Problem Description
Given an integer array arr, you are allowed to remove a palindromic subarray (a contiguous segment that reads the same forwards and backwards) in one move. After removal, the remaining parts of the array are concatenated. The goal is to determine the minimum number of moves required to remove all elements from the array.
Key Insights
- Use dynamic programming to solve the problem since it involves making optimal decisions over subarrays.
- Define a state dp[i][j] representing the minimum moves needed to remove the subarray from index i to j.
- If the two ends of the subarray (arr[i] and arr[j]) are equal, they can potentially be removed together in one move, optimizing the number of moves.

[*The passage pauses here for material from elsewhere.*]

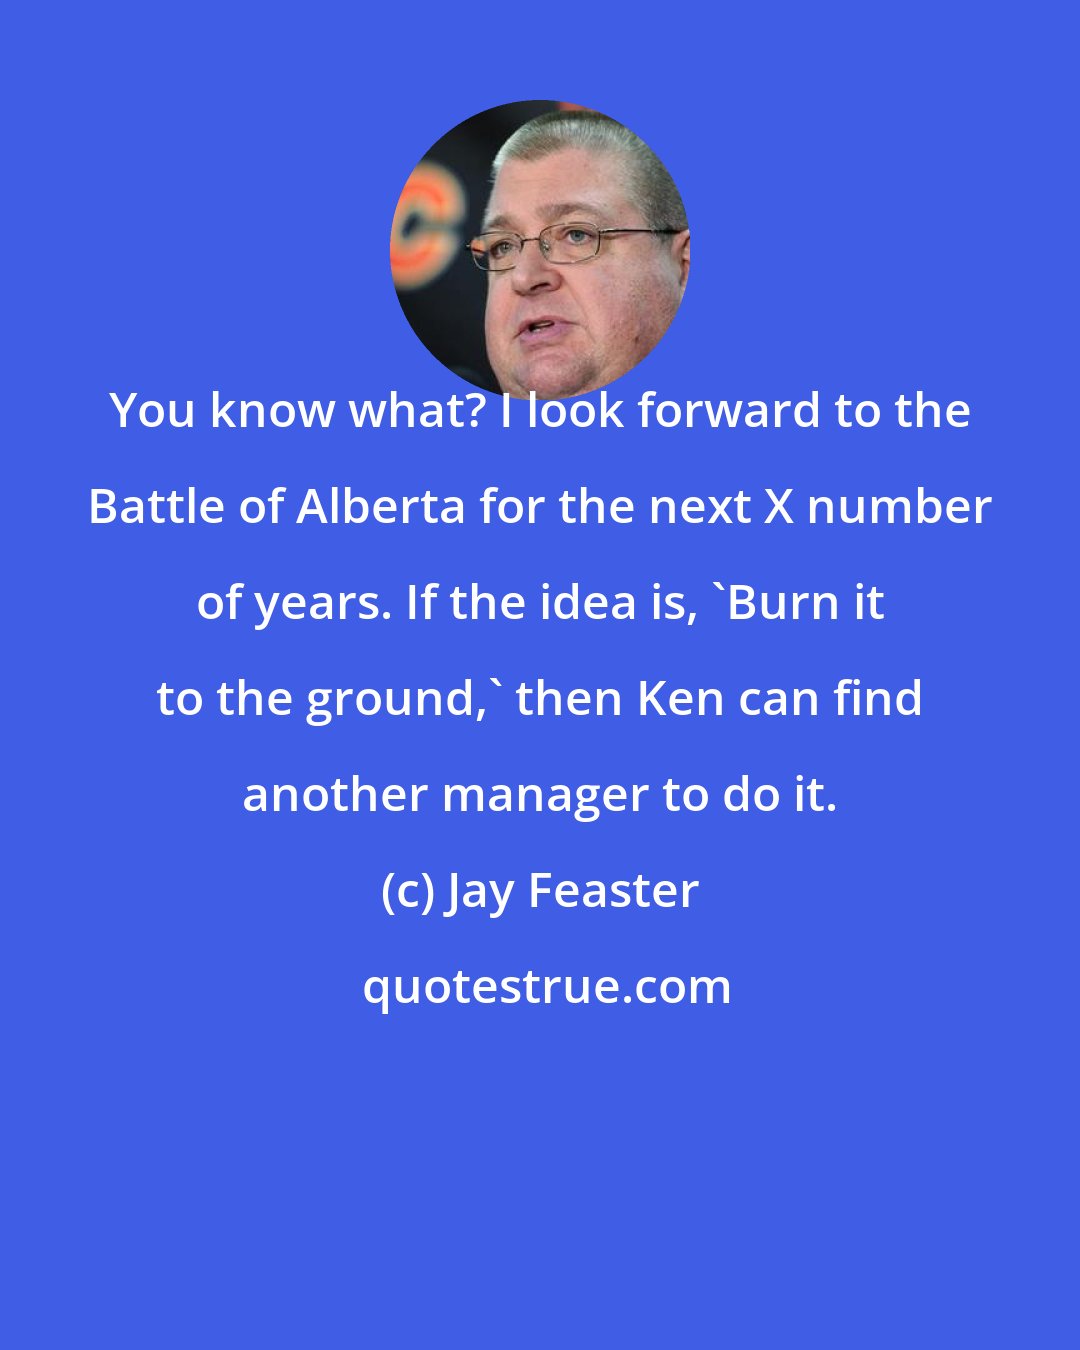 Jay Feaster: You know what? I look forward to the Battle of Alberta for the next X number of years. If the idea is, 'Burn it to the ground,' then Ken can find another manager to do it.

- When arr[i] != arr[j], try all possible partitions to combine results from smaller subproblems.
- Base case: A single element is always palindromic and can be removed in one move.
Space and Time Complexity
Time Complexity: O(n^3) in the worst-case due to triple nested loops for state transitions. Space Complexity: O(n^2) for the dp table.
Solution
We solve the problem using a 2D dynamic programming approach. Create a dp table where dp[i][j] is the minimum number of moves to remove the subarray from index i to j. We fill this table for increasing lengths of subarrays.
For subarray from i to j:
- If i equals j, then dp[i][j] = 1 (since a single element is palindromic).
- Otherwise, initialize dp[i][j] = 1 + dp[i+1][j] (removing the element at i separately).
- Then, for every k between i+1 and j, if arr[i] equals arr[k], update dp[i][j] = min(dp[i][j], (dp[i+1][k-1] if any) + dp[k][j]) because combining removal of matching elements might lower the overall move count.
This recurrence relation ensures that when two ends are the same, they can be removed together, potentially merging the removal moves. The solution proceeds by evaluating subproblems in increasing order of subarray length.